Insurance companies cannot avoid liability by claiming that cyber attacks are an act of war, a US court has ruled in a significant verdict that paves the way for pharmaceutical giant Merck to claim $2 billion ($US1.4 billion) in damages from the 2017 NotPetya attack.

The New Jersey Courts Appellate Division decision, which pitted Merck against several insurance companies that appealed a 2022 verdict in the company’s favour, ruled that the “hostile or war-like action” exception in Merck’s cyber insurance policy could not be applied to malware attacks because the clauses “required the involvement of military action”.

Such ‘act of war’ exceptions are designed to limit insurers’ exposure to the widespread damage of conflicts between foreign powers – yet while the insurers’ lawyers argued that NotPetya emerged from the escalating conflict between Russia and Ukraine, the appeals court ruled that “coverage could only be excluded here if we stretched the meaning of ‘hostile’ to its outer limit.”

Instigated by Russian cyber criminals who planted NotPetya malware in a Ukrainian accounting package, the malware quickly spread across the world to cause an estimated $15 billion ($US10 billion) in reported damages and halt many key supply chains as Merck and the likes of shipping giant Maersk struggled to recover.

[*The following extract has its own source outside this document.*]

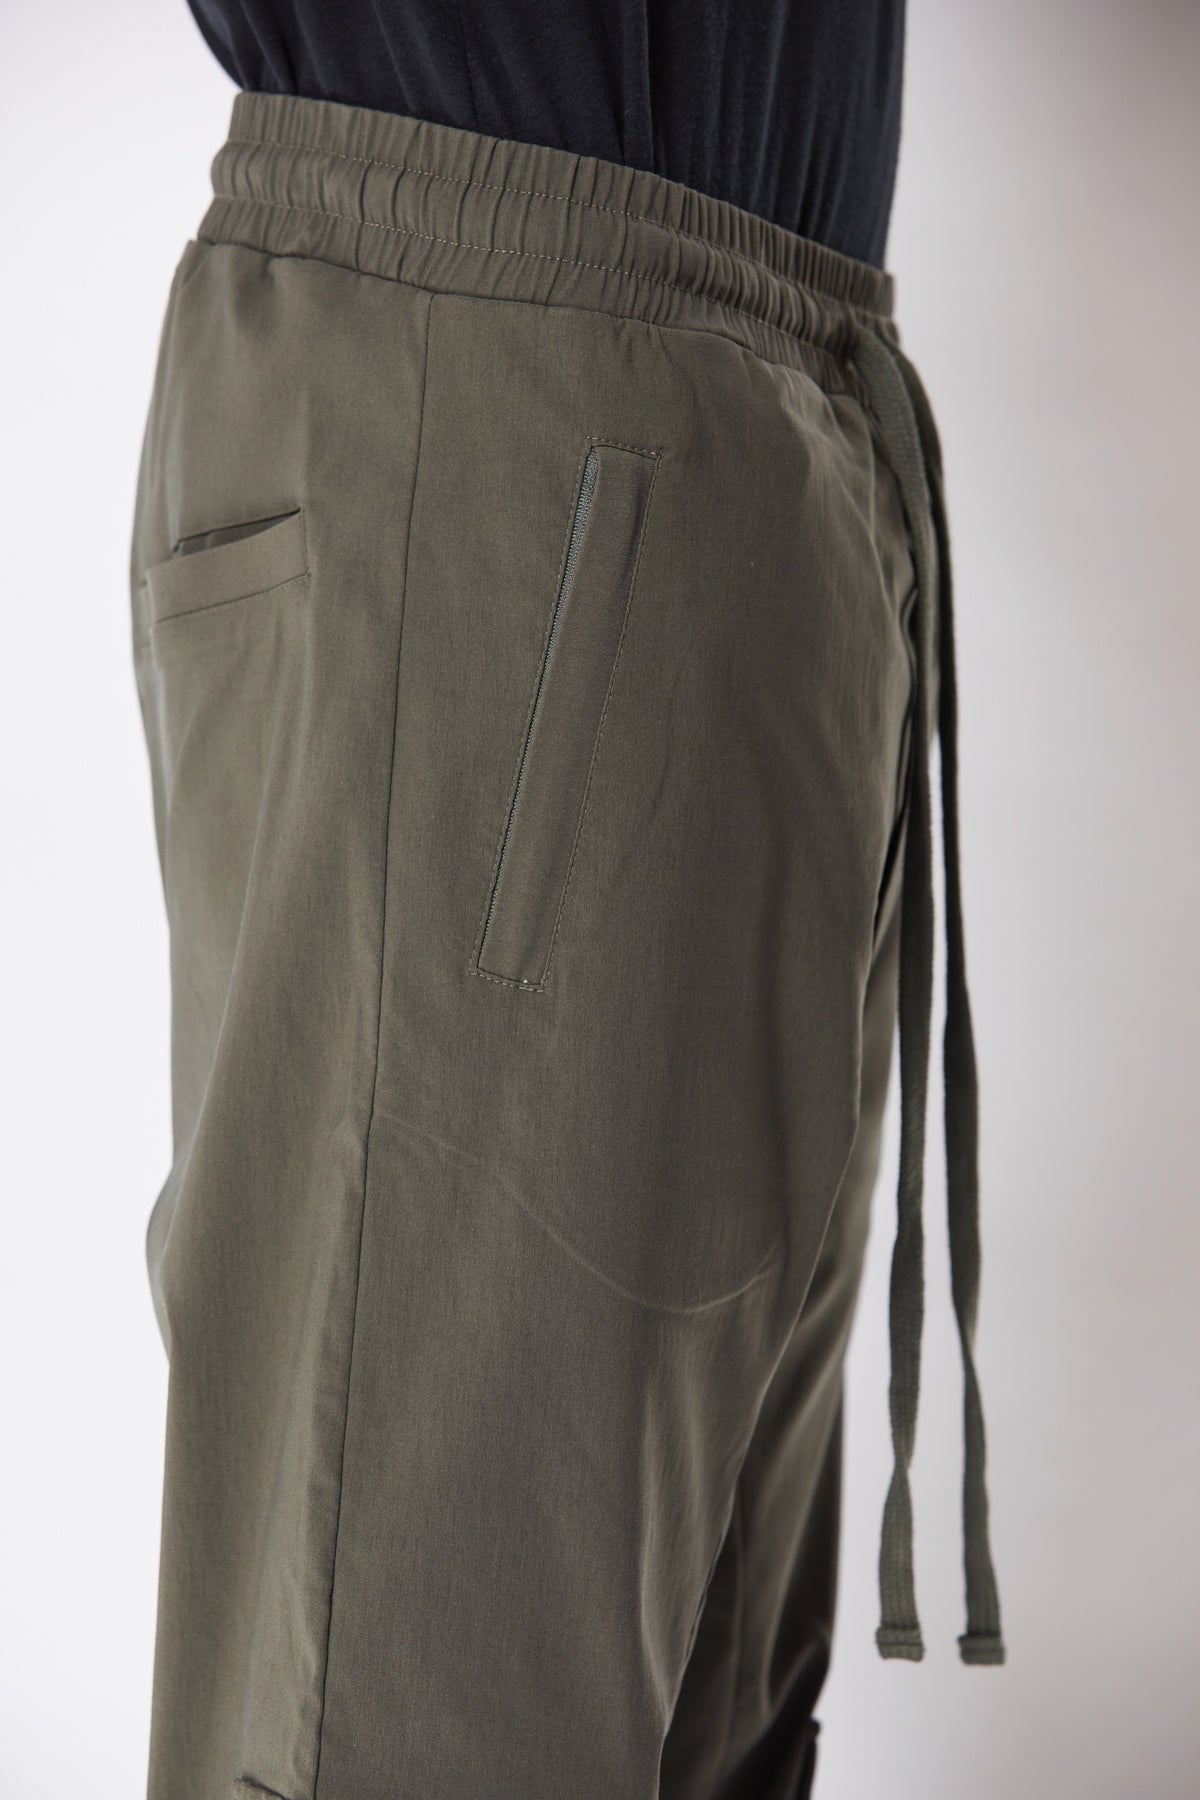 thom/krom M ST 436 Drop Crotch Cargo Pants - Green

Shortly after the attack, Merck reported a $350 million ($US240 million) sales drop because NotPetya’s impact on its supply chain meant it couldn’t meet customer demand, as well as a $200 million ($US135 million) revenue hit for lost sales.

The verdict is “an incredible blow for the insurance industry,” said Monica Oravcova, co-founder and chief operating officer of security firm Naoris Protocol, said as the verdict was announced.

“It will no doubt precipitate a flurry of activity in existing insurance industry underwriting practices,” she said, warning that the ruling “will impact not only insurers but the companies that seek cover… We can expect even tighter restrictions, exclusions, and possibly another spike in premiums.”

Your cyber defences determine your insurance eligibility

Cyber insurance companies have had a difficult few years, as what once seemed like a promising line of business became an underwriting nightmare amidst the realisation that premiums could not cover soaring ransom demands.

Since then, steep premium price hikes have helped cyber insurers better contain their exposure to cyber attacks – with some rejecting claims, many banning ransomware payments, and others requiring companies to implement laundry lists of technological and policy requirements.

Fully 95 per cent of respondents to a new 14-country Sophos analysis reported that their ability to get a cyber policy, as well as its price and terms, were all tied to the quality of their cyber defences.

“With cyber-attacks becoming increasingly sophisticated, insurers now demand increasing levels of risk management from businesses seeking coverage,” said Tom Salter, account executive with PSC Insurance, which recently joined technology service provider Somerville to prepare a checklist of security capabilities that insurers expect.

These include encryption of sensitive data; use of multi-factor authentication; comprehensive endpoint protection; regular and offsite backups; regular testing of backups to ensure they’re recoverable; scanning of incoming emails; user security training; admin checks to confirm changes in customer and partner details; financial checks such as requiring two parties to authorise outgoing payments over a certain amount; and patch management to ensure critical patches are installed as soon as possible.

“It is imperative to demonstrate to insurers that your business has a robust risk management system in place to secure the most appropriate coverage that meets the needs of your business,” Salter said.

Some 91 per cent of cyber security and IT professionals that Sophos surveyed reported having cyber insurance, while 695 respondents – 23 per cent of the total – said their company was insured and made a ransom payment in the last year.

Indeed, insured companies were four times more likely to have paid a ransom to recover their data – with large companies more likely to have policies.

Failure to take out cyber insurance has already created problems for companies like private healthcare insurer Medibank, which revealed last year that its decision to not buy cyber insurance had left it financially exposed to a massive cyber attack.

Medibank crowed that it had followed government guidance in electing not to pay the ransom, but with millions of Australians’ health records breached, the company now faces a series of class-action lawsuits – with the third such action lodged this month by Slater & Gordon.